Tax rate cuts misunderstood

David MoonBlog

The effect of tax cuts on deficits isn’t simple, but it doesn’t prevent people from acting as if it is. As Republicans propose individual federal income tax reform, two predictable tax cut camps emerge: those convinced that tax cuts, especially on “the wealthy,” increase deficits and those who believe cuts spur enough economic growth that tax revenues increase.

The evidence from previous rate cuts show that the relationship between rates and revenue isn’t as simple as either group suggests.

Since 1950, the U.S. passed significant reductions in the top marginal individual income tax rates in 1964, 1981, 1986 and 2001/2003. (The 2001 and 2003 cuts are so close together that I have evaluated them as a single event.) Deficits increased during the five-year period following three of those four rate cuts. (All figures in this column are inflation-adjusted.)
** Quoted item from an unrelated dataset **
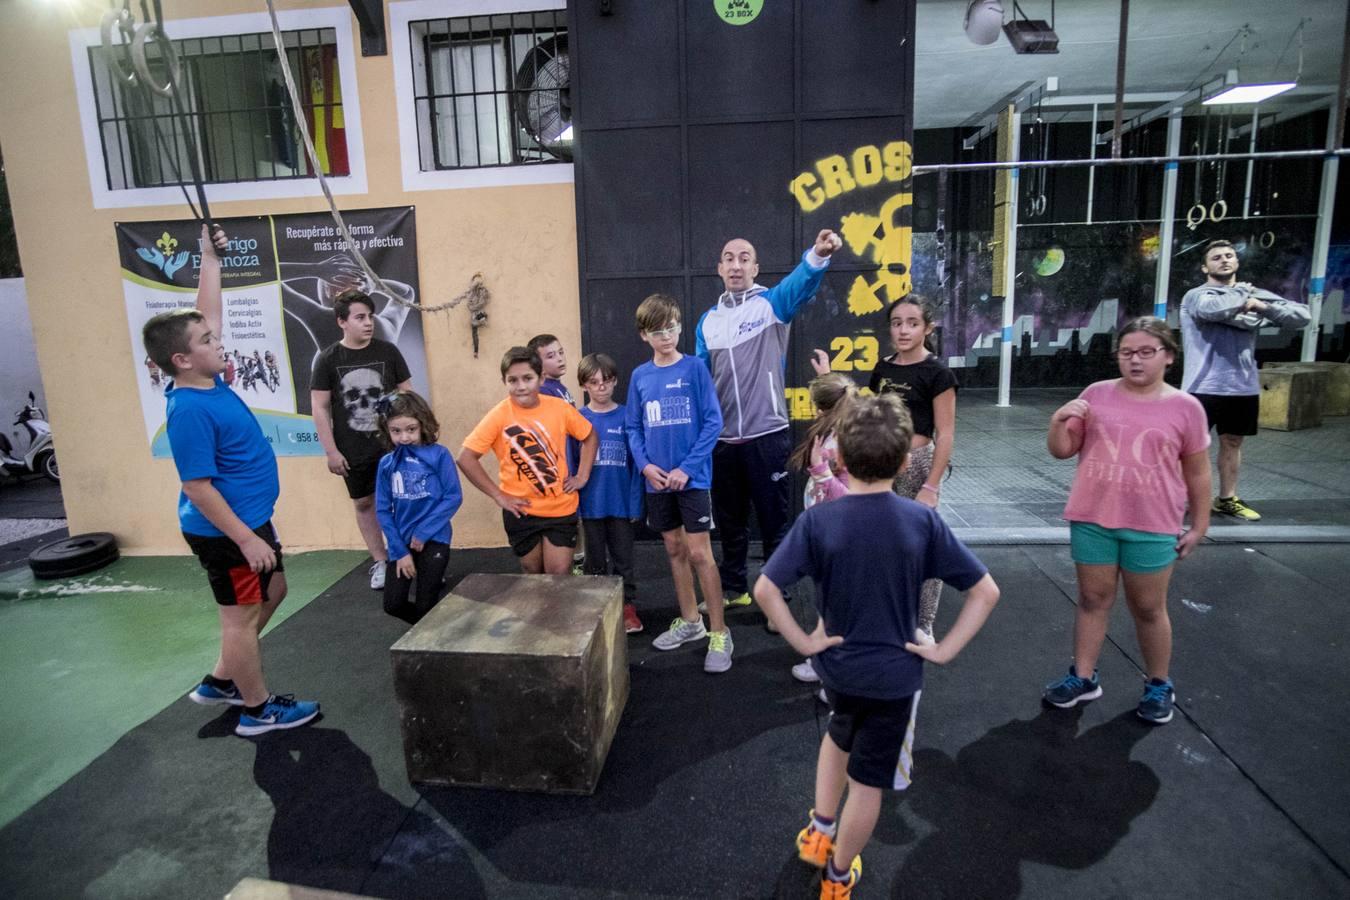 El crossfit, una fórmula divertida para combatir el sedentarismo

Federal revenues increased following all of the tax cuts, however, both in nominal and real, inflation-adjusted terms. Despite increased revenue, deficits increased following the 1981, 1986 and 2001-03 rate cuts because spending grew faster than collections. In all three cases, the tax cut would have been deficit neutral if spending increases had been limited to the revenue increases from the prior year.

Does this mean that spending is the problem, not revenues? Not always. Tax cuts don’t occur in a vacuum. There are other factors, such as the strength of the economy or corporate rates. In the first two years following the 1981 tax cut, tax collections actually declined significantly – along with GDP. As was the case during most recessions, real incomes declined, resulting in lower tax revenues. Partisans and economists will disagree about whether or not lower tax rates caused, mitigated or were unrelated to the recession, but there is no question that the strength of the economy affects tax collections, regardless of tax rates.

Tax policy can and has been used to pursue a multitude of goals, not just the predictable, steady funding of government. Issues such as how much of the tax burden should be paid by which taxpayers are completely different from the revenue effects of changes in tax rates. The most pertinent revenue and spending measurement is the one least discussed: their sizes relative to the overall economy. Since 1950, tax collections have mostly bounced around between 16 and 18 percent of GDP regardless of tax rates or allowable deductions. Federal spending, however, has generally ranged between 19 and 22 percent of GDP, thus producing federal deficits in 57 of the 66 years since 1950.

The deficit problem isn’t due to tax rates or collections. It’s that we spend $1.15 or so for every dollar the government collects in taxes, making the federal government one of the few entities that “loses” more money for every additional dollar of revenue it collects.